Lidocaine, contained 1:100,000 epinephrine, at a dose of 6 mg/kg (2-fold the SDA) injected into the masseter muscle of the jaw or into the gum of the lower jaw of Long-Evans hooded pregnant rats on Gestation Day 11 led to developmental delays in neonatal behavior among offspring. Developmental delays were observed for negative geotaxis, static righting reflex, visual discrimination response, sensitivity and response to thermal and electrical shock stimuli, and water maze acquisition. The developmental delays of the neonatal animals were transient with responses becoming comparable to untreated animals later in life. The clinical relevance of the animal data is uncertain.

Pre- and postnatal maturational, behavioral, or reproductive development was not affected by maternal subcutaneous administration of tetracaine during gestation and lactation up to doses of 7.5 mg/kg (45 mg/m² or 1-fold the SDA).

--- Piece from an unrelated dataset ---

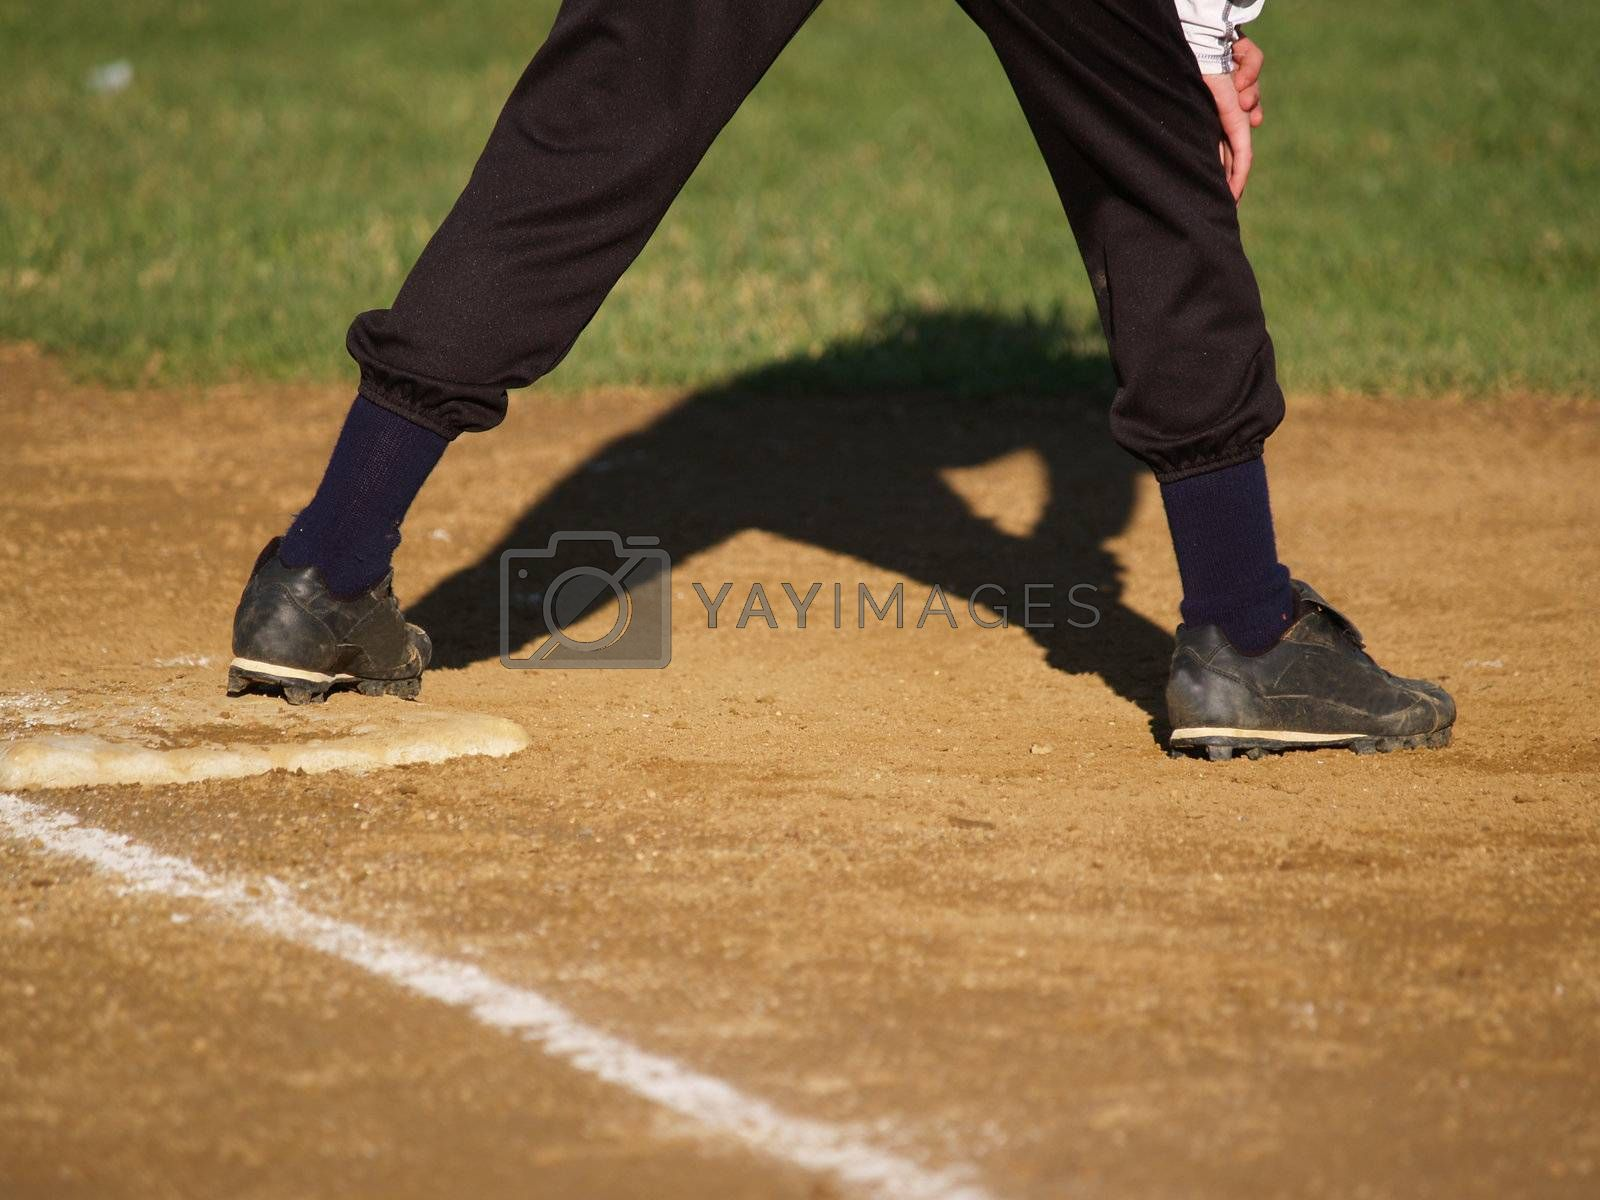 baseball player ready on the base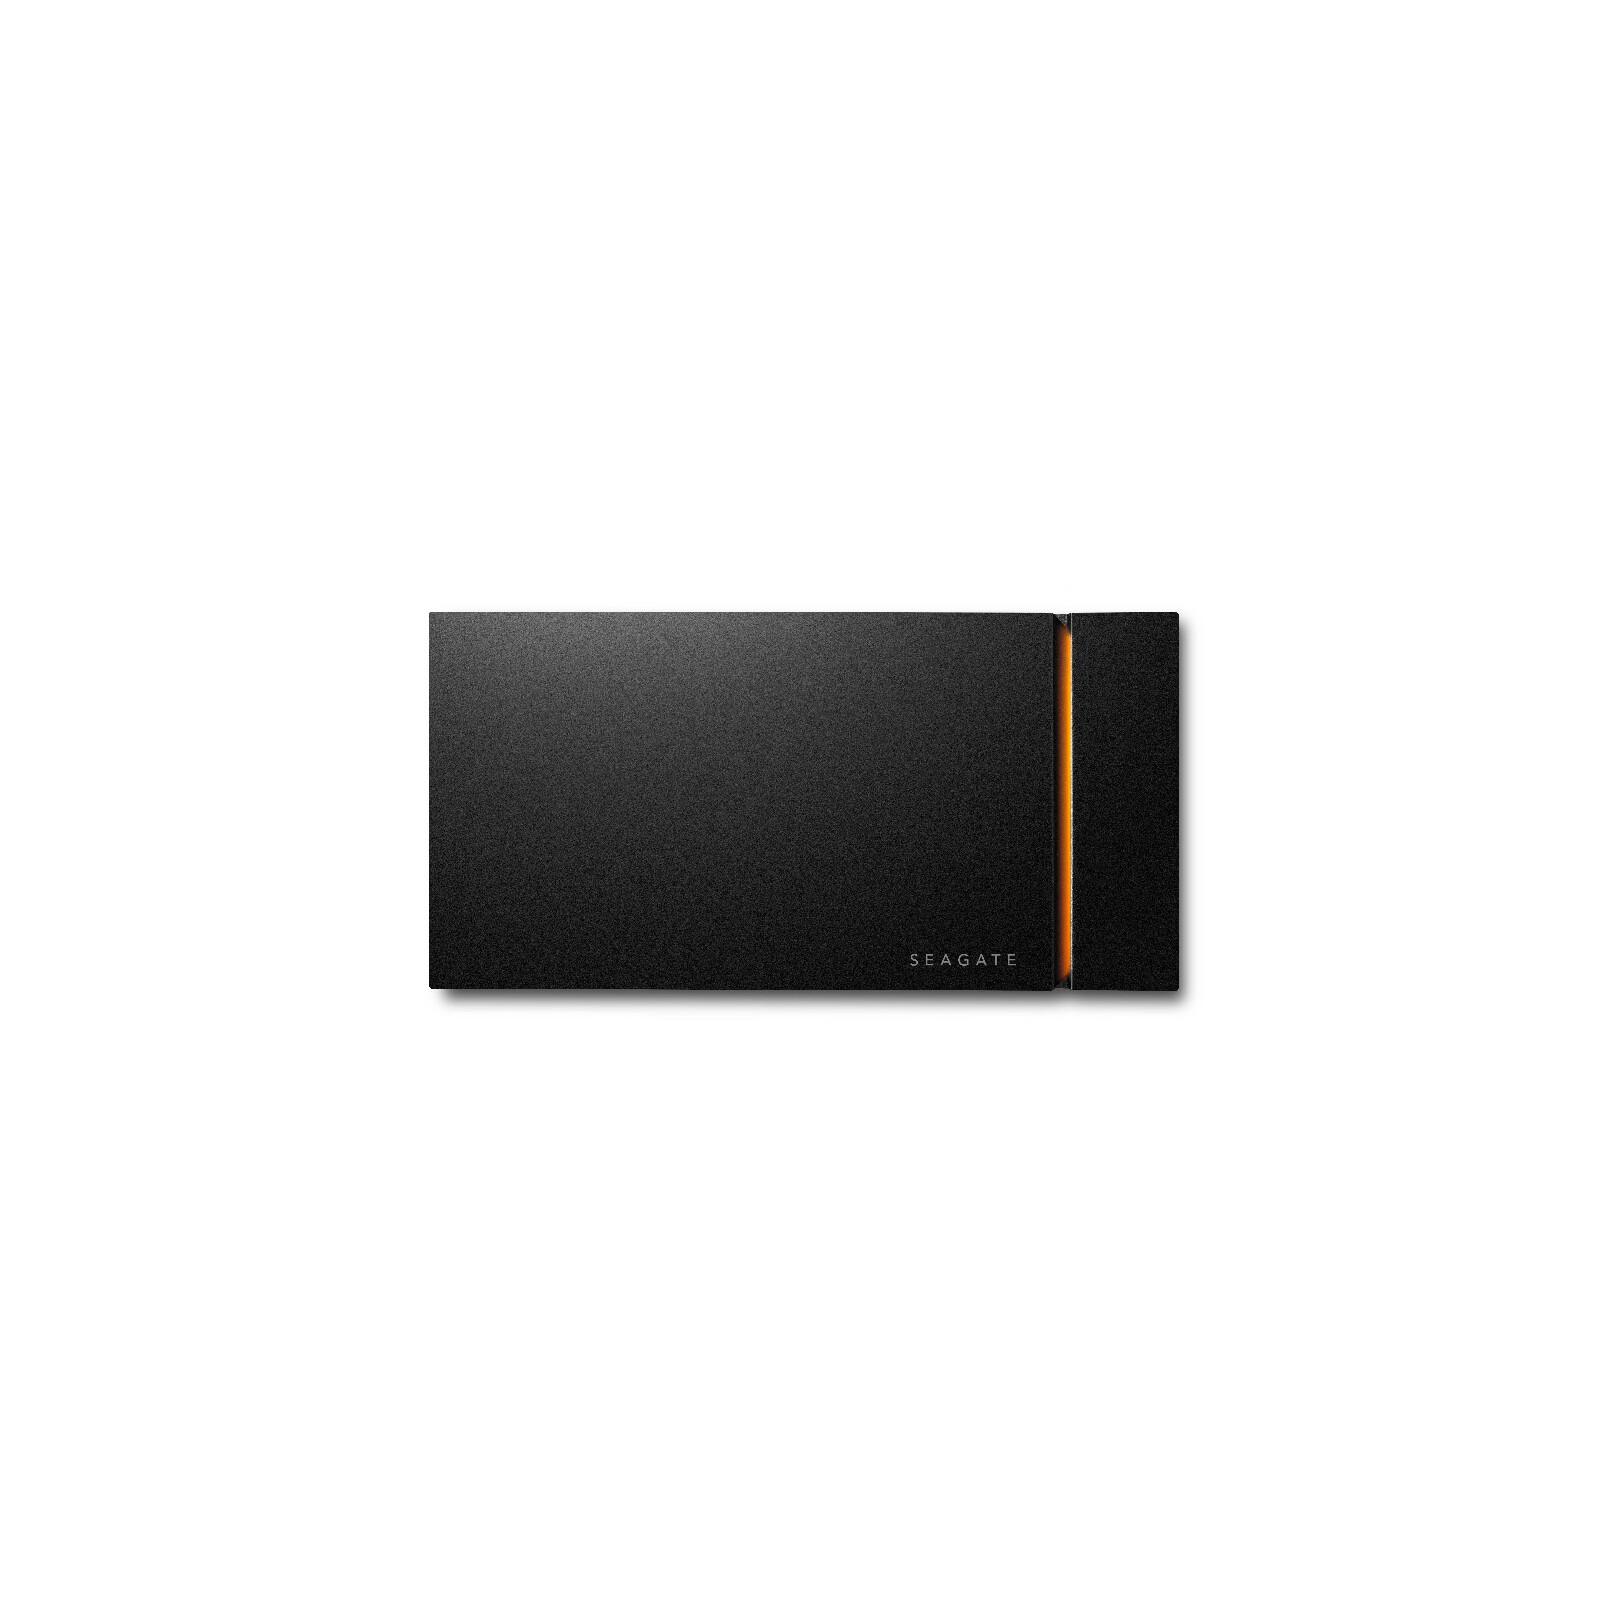 Seagate FireCuda Gaming SSD 1TB extern, NVMe, USB 3.2 gen2x2

No adequate and well-controlled studies have been conducted in pregnant women. Because animal studies are not always predictive of human response, SYNERA should be used during pregnancy only if the potential benefit justifies the potential risk to the fetus.

Labor and Delivery

Neither lidocaine nor tetracaine is contraindicated in labor and delivery. In humans, the use of lidocaine for labor neuraxial analgesia has not been associated with an increased incidence of adverse fetal effects either during delivery or during the neonatal period. Tetracaine has also been used as a neuraxial anesthetic for cesarean section without apparent adverse effects on offspring. Should SYNERA be used concomitantly with other products containing lidocaine and/or tetracaine, total doses contributed by all formulations must be considered.

Nursing Mothers

Lidocaine is excreted into human milk and it is not known if tetracaine is excreted into human milk. Therefore, caution should be exercised when SYNERA is administered to a nursing mother since the milk:plasma ratio of lidocaine is 0.4 and is not determined for tetracaine. In a prior report, when lidocaine was used as an epidural anesthetic for cesarean section in 27 women, a milk:plasma ratio of 1.07 ±0.82 was found by using AUC values. Following single dose administration of 20 mg of lidocaine for a dental procedure, the point value milk: plasma ratio was similarly reported as 1.1 at five to six hours after injection. Thus, the estimated maximum total daily dose of lidocaine delivered to the infant via breast milk would be approximately 36 µg/kg. Based on these data and the low concentrations of lidocaine and tetracaine found in the plasma after topical administration of SYNERA in recommended doses, the small amount of these primary compounds and their metabolites that would be ingested orally by a suckling infant is unlikely to cause adverse effects [see Clinical Pharmacology ].

Pediatric Use

The safety and effectiveness of SYNERA have been established in pediatric patients 3 years and older based on adequate and well-controlled studies [see Clinical Studies ].  While efficacy has not been established for children less than 3 years of age, the safety of SYNERA in infants has been evaluated in one study in which 34 infants 4 to 6 months of age received SYNERA. The recommended application time for the patch for pediatric patients is the same as for adults. Simultaneous or sequential application of more than two SYNERA patches to children is not recommended as it has not been adequately studied.

Use in Geriatric Patients

In the controlled clinical studies, 139 patients over 65 years of age, including 41 patients over 75 years of age, received SYNERA. Visual Analog Scale (VAS) pain score differences between SYNERA and placebo were considerably lower in the geriatric subjects than in the rest of the adult population. No overall differences in safety were observed between geriatric subjects and younger subjects. However, increased sensitivity in individual patients greater than 65 years of age cannot be ruled out. After intravenous dosing, the elimination half-life of lidocaine is significantly longer in elderly patients (2.5 hours) than in younger patients (1.5 hours).